Airbnb Tech Blog

Airbnb’s AI-powered photo tour using Vision Transformer

thumbnail

AI-powered Photo Tour using Vision Transformer for Airbnb

Room Classification

The AI-powered photo tour in the Listings tab utilizes vision transformers to accurately categorize images into 16 different room types, helping hosts organize their listing photos efficiently.

Image Similarity

Image clustering is another key component of the photo tour, grouping images of the same room into clusters for better organization.

Accuracy Improvement

To improve prediction accuracy with limited training data, the approach involved multi-task training, ensemble learning, and distillation techniques.

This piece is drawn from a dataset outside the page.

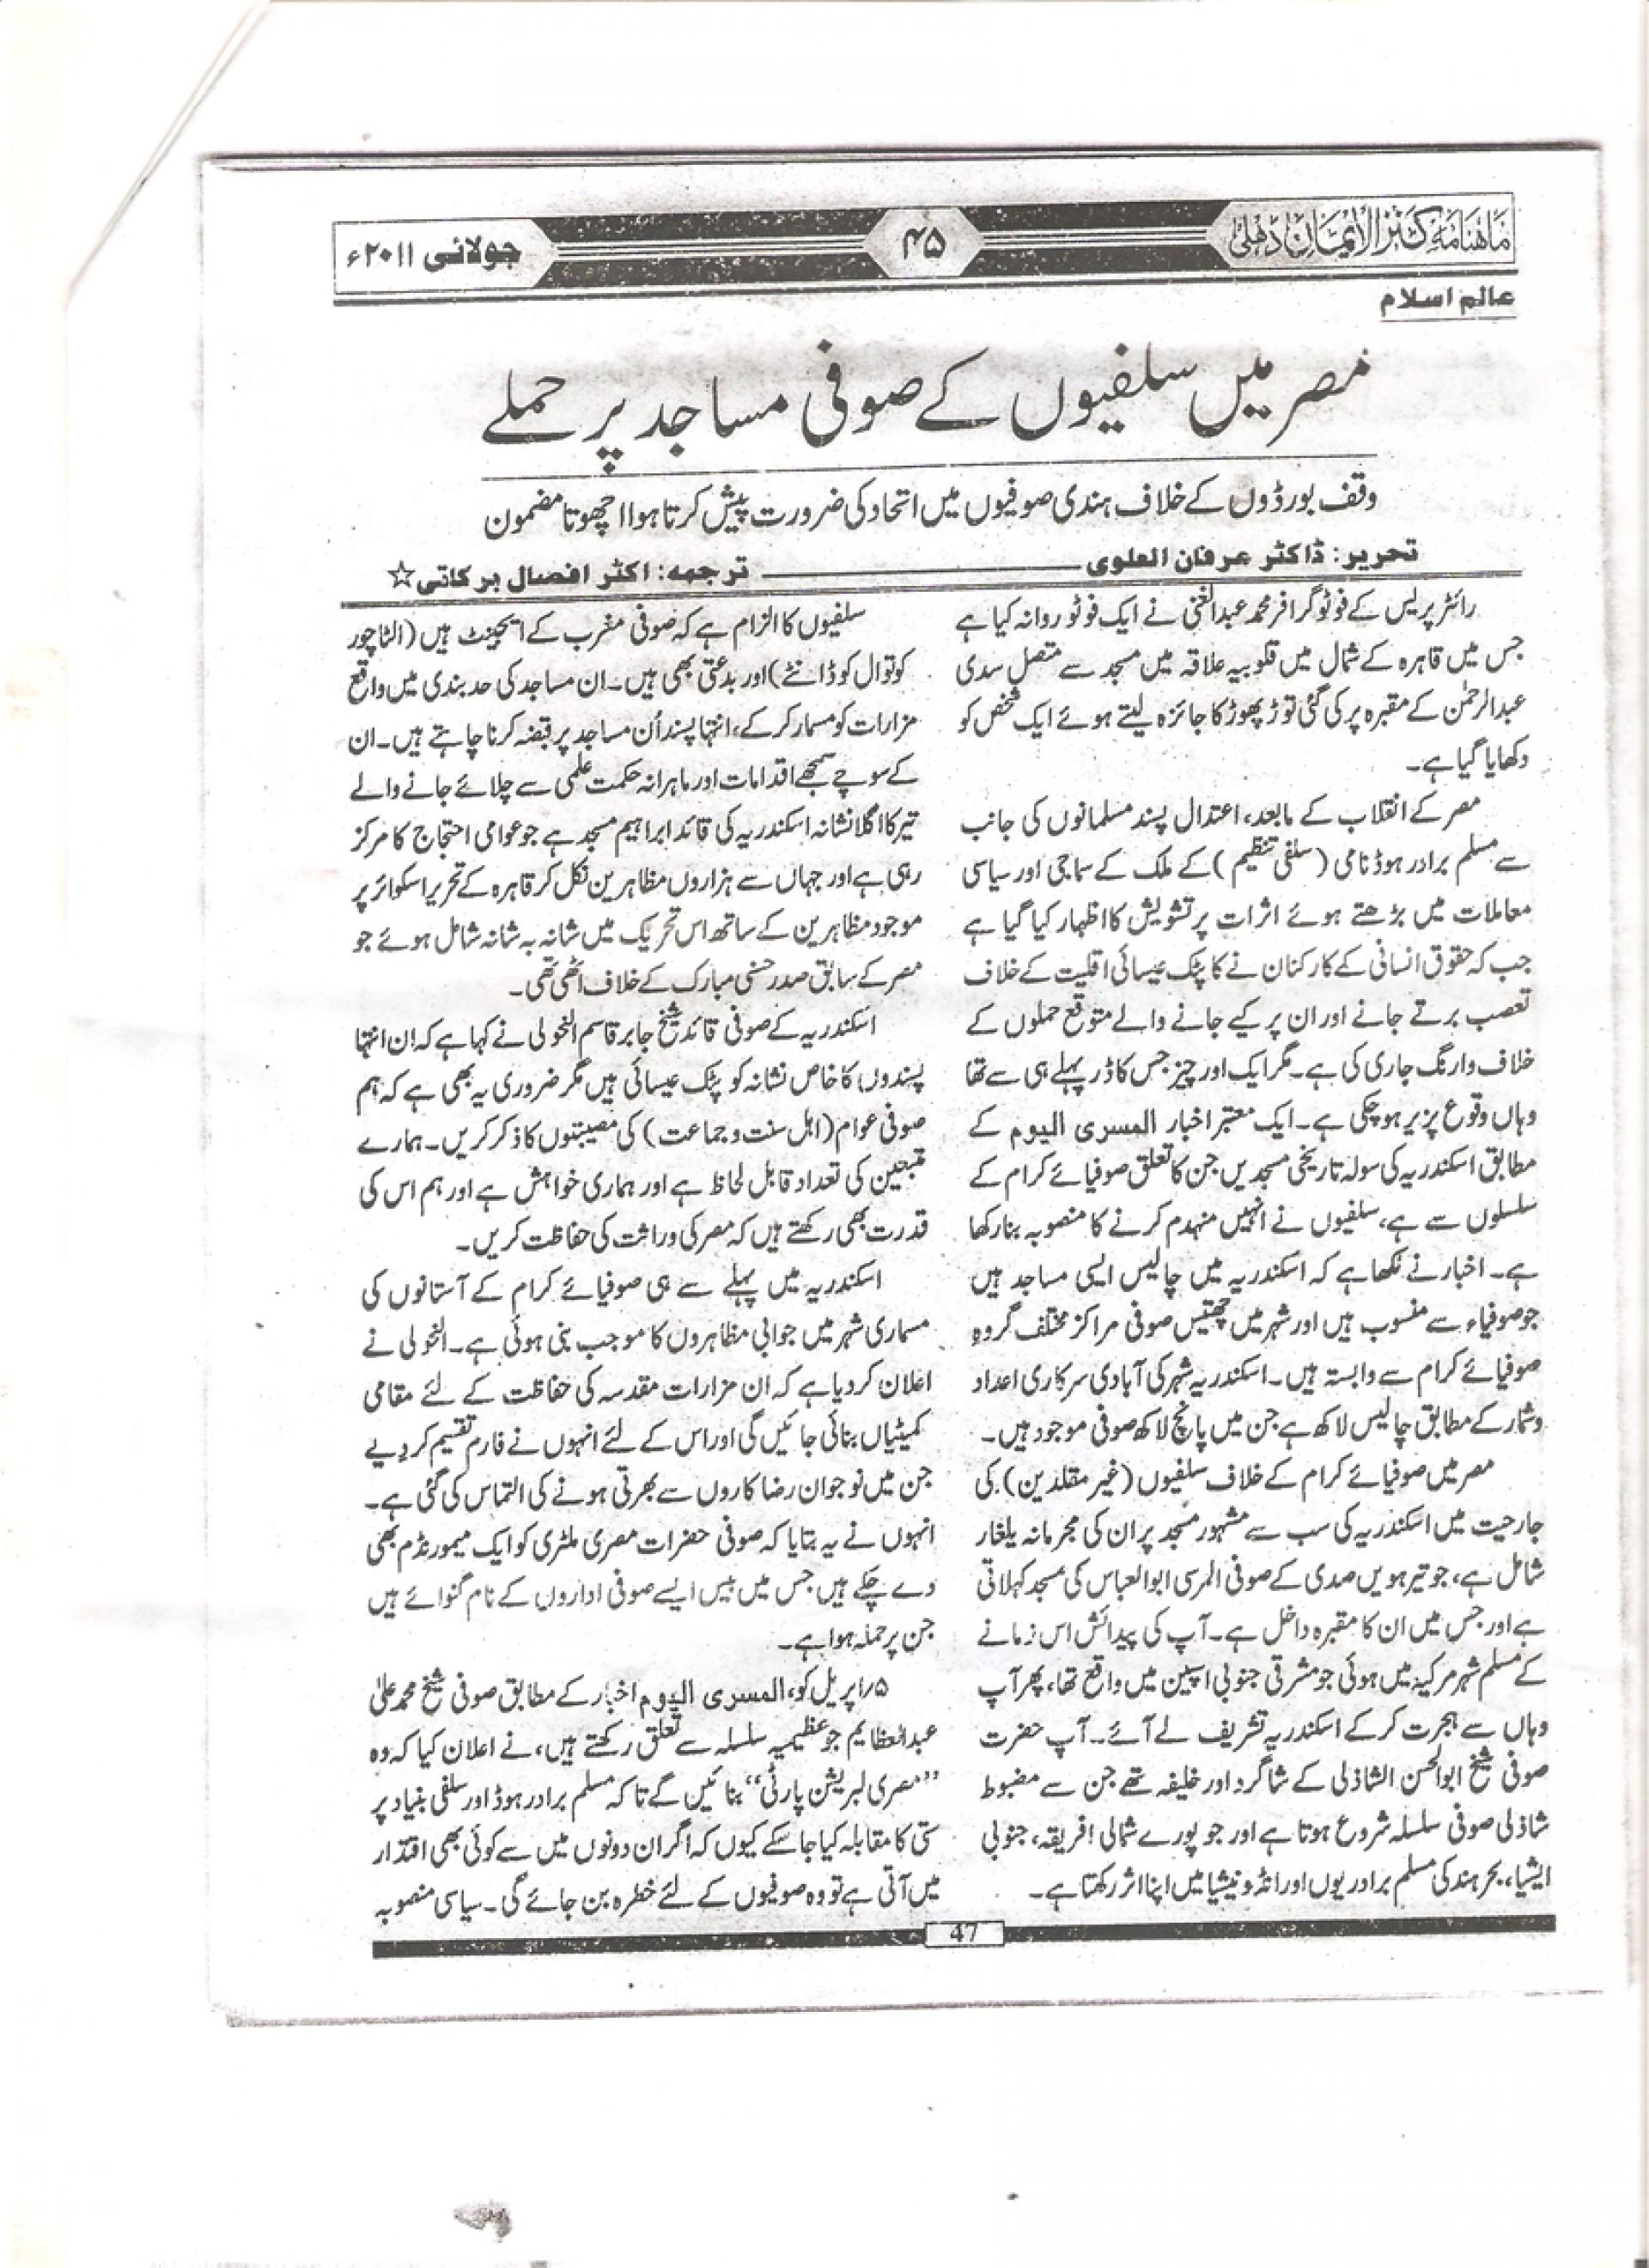 011 Sufi Essays Essay Singular Seyyed Hossein Nasr Pdf 1920
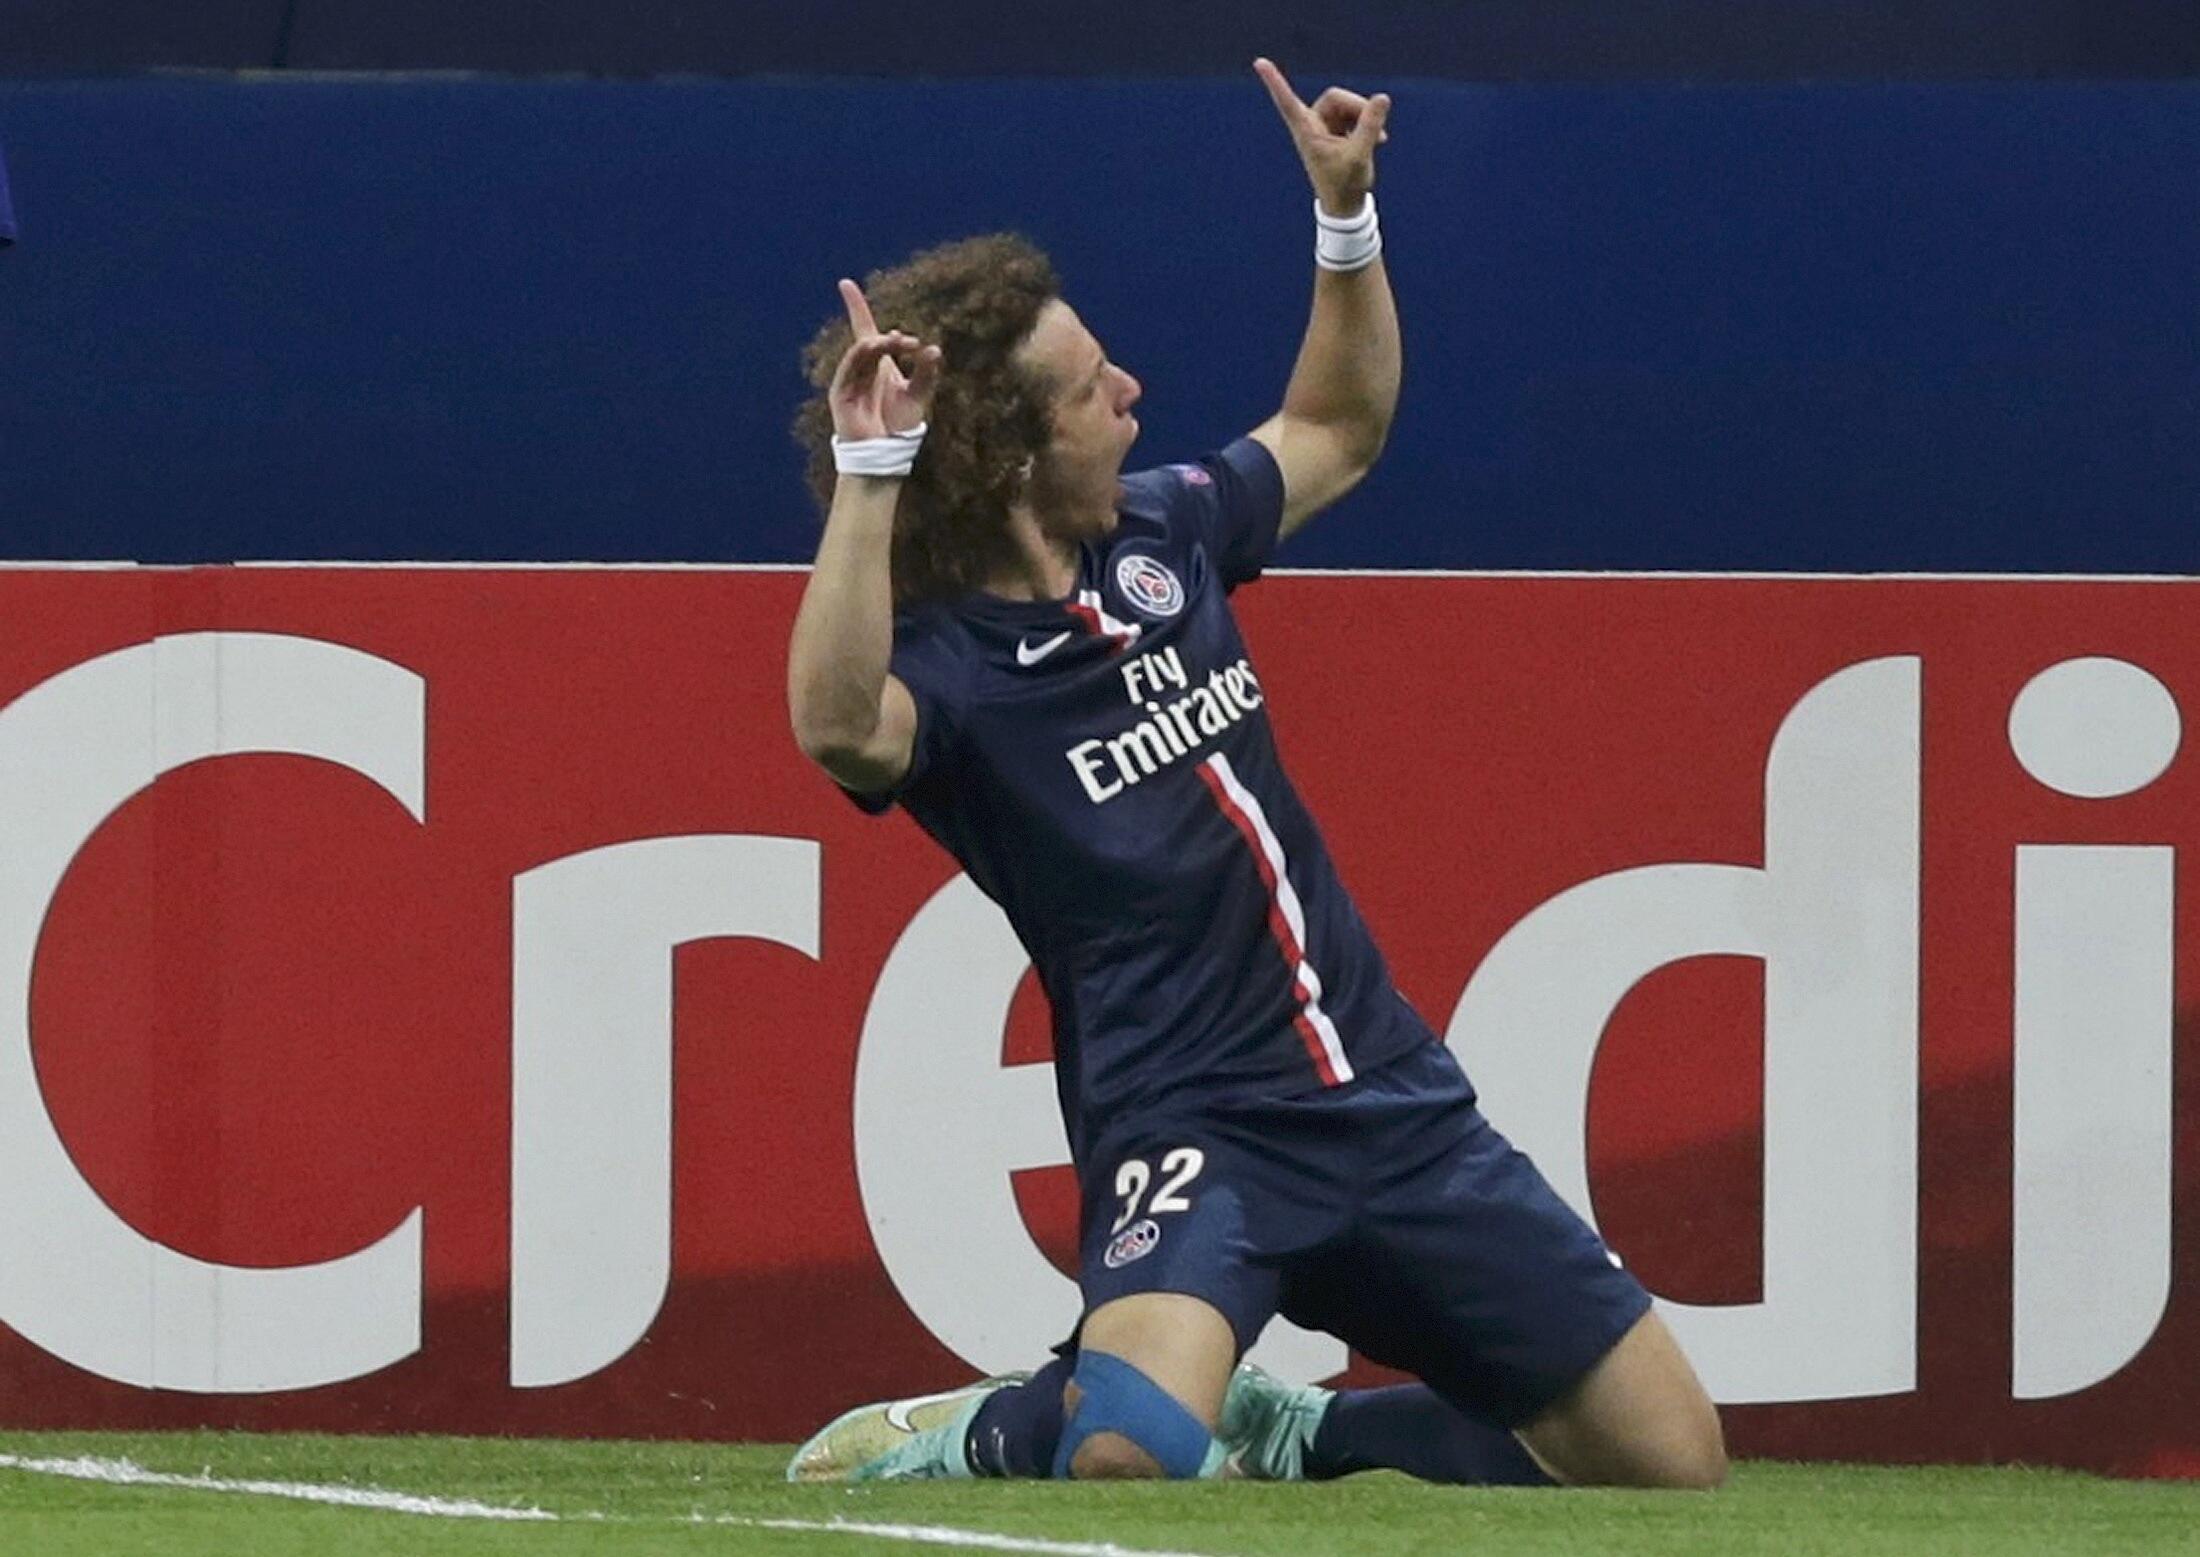 David Luiz marcou o primeiro gol da partida do PSG contra o Barcelona (3-2).

Step 1 - Multi-task Training

The model was fine-tuned using high-accuracy training data for the target task and additional data labeled for related tasks like object detection.

Step 2 - Ensemble Learning

An ensemble of multiple models was created by training with different auxiliary tasks and using various versions of Vision Transformers, enhancing overall performance.

Step 3 - Distillation

Knowledge distillation was employed to transfer knowledge from a complex ensemble to a smaller model, reducing computational resources while maintaining accuracy.

By leveraging the Airbnb listing photos and incorporating multi-task training and ensemble learning, the AI-powered photo tour delivers accurate room classification and image similarity for an enhanced user experience.